Другое дело, что продолжалось все это недолго. Вскоре их павлиний хвост сложился, и верх взяло их положение ремесленников. Разговор сконцентрировался на выставках, премиях, продажах картин. Они были словно владельцы предприятий, пекущиеся об этом своем заводике, предусмотрительные и немного озлобленные, полные претензий к обществу, которое ничего не понимает, не желает покупать… В большинстве своем они анархисты, иногда — коммунисты, но все они всеми жизненными нитями связаны с буржуазией. Только буржуй может позволить себе то, что их восхищает: прекрасные интерьеры, ренессансные чаши, ценные подлинники, гурманство — все то, что является отрицанием массовой, т. е. пролетарской продукции. И, что бы они не говорили, их ценные предметы существуют для того, чтобы они стали чьей-нибудь собственностью — обладание в искусстве так много значит, а это не может обойтись без частного капитала.
Воскресенье
С г-жой Кропкой Червиньской я вел разговор об Англии.

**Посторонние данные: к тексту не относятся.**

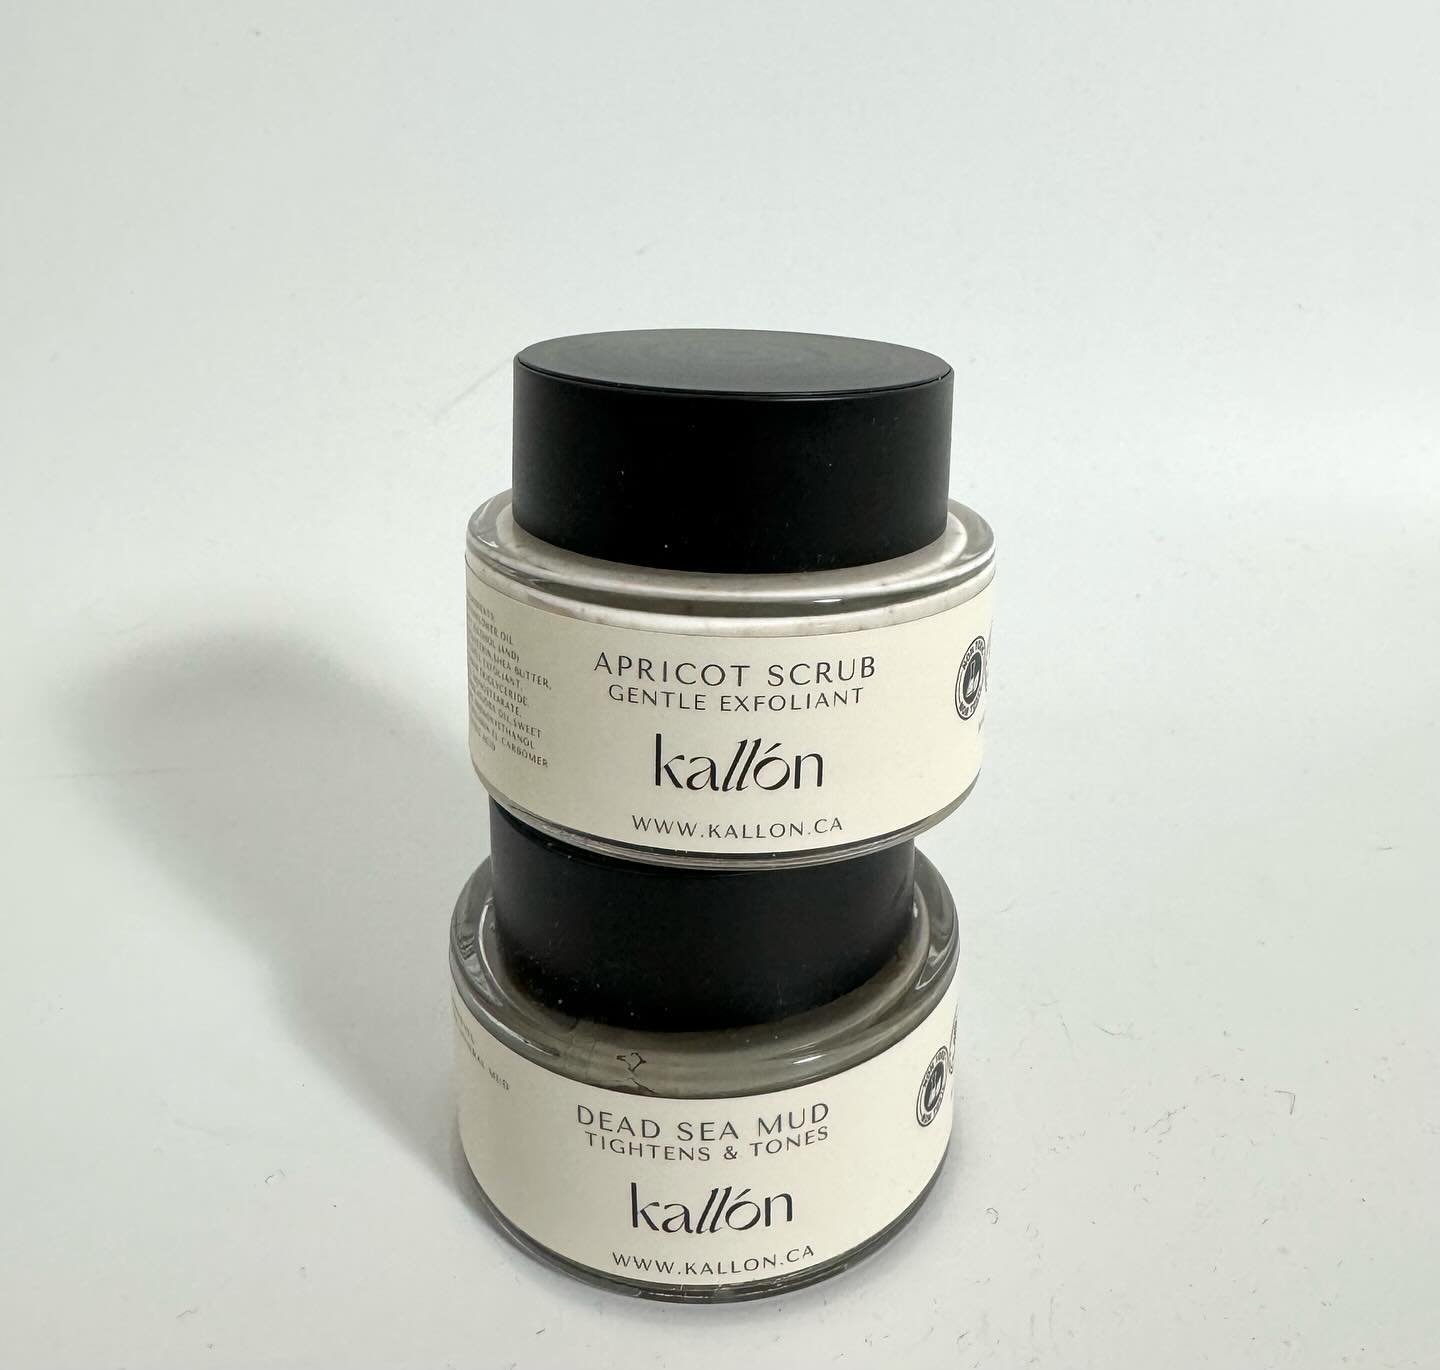 elevate your skincare lineup with our apricot scrub and dead sea mud - the perfect additions to rejuvenate your skin 🤍 

 #kall&oacute;n #kall&oacute;nskin #kall&oacute;nskincare #skincare #moisturizer #healthyglow #skincareaddict #skincareessential

Сейчас я нахожусь на пляже, среди тел, и пишу, лежа на животе. Всё думаю… думаю, не с моих ли портретов начался мой бунт… Несколько раз я позировал художникам и всегда был встревожен, потому что по моей фигуре скользит чужой взгляд, потому что я отдан на съедение этим зорким, устремленным на меня, как будто излишне внимательным глазам… и этот, там, за мольбертом, делающий со мной все, что ему захочется. Ситуация в высшей степени ненормальная, от которой следовало бы ожидать многого в смысле художественного творчества… Но уже во время сеанса у меня складывалось впечатление, что превосходство художника надо мною — иллюзорно; просто потому что он не в состоянии овладеть моей формой, а технические трудности, связанные с воспроизведением на полотне моего носа, ушей, щек, делают его скорее кропотливым ремесленником, чем господином и властителем моего тела. И в меру продвижения работы это сочетание линий и пятен, воспроизводящих форму, становится все более сложным, и чем больше переносил он меня на полотно, тем больше я у него там своевольничал, тем труднее становилось ему изменить что-то в его системе, «сделать что-нибудь» со мной, преобразовать. Допускаю, что если скала или, скажем, дерево могли бы что-нибудь чувствовать, то у них были бы точно те же ироническо-триумфаторские ощущения по отношению к атакующему их своей кистью художнику, ощущения, сказал бы я, триумфаторской апатии, идущего от того, что художник — чтобы схватить форму — должен ей подчиниться, а с того момента, как он ее схватит и перенесет на полотно, уже ничего больше не сможет сделать с ней, ибо тот же самый «предмет» царствует теперь на картине и пригвождает своей неумолимой реальностью. Поэтому мне казалось, что унижающая телесность этого дела, это творимое в масле воссоздание носа, ушей, глаз, волос, эта невеселая чувственность, подчиняющаяся природе, лишает художника возможности творчества; во всяком случае, поле, предназначенное для творчества, становится по мере моей конкретизации на картине катастрофически узким, ничтожным. Наконец портрет готов. Мне показывают его. Разочарование!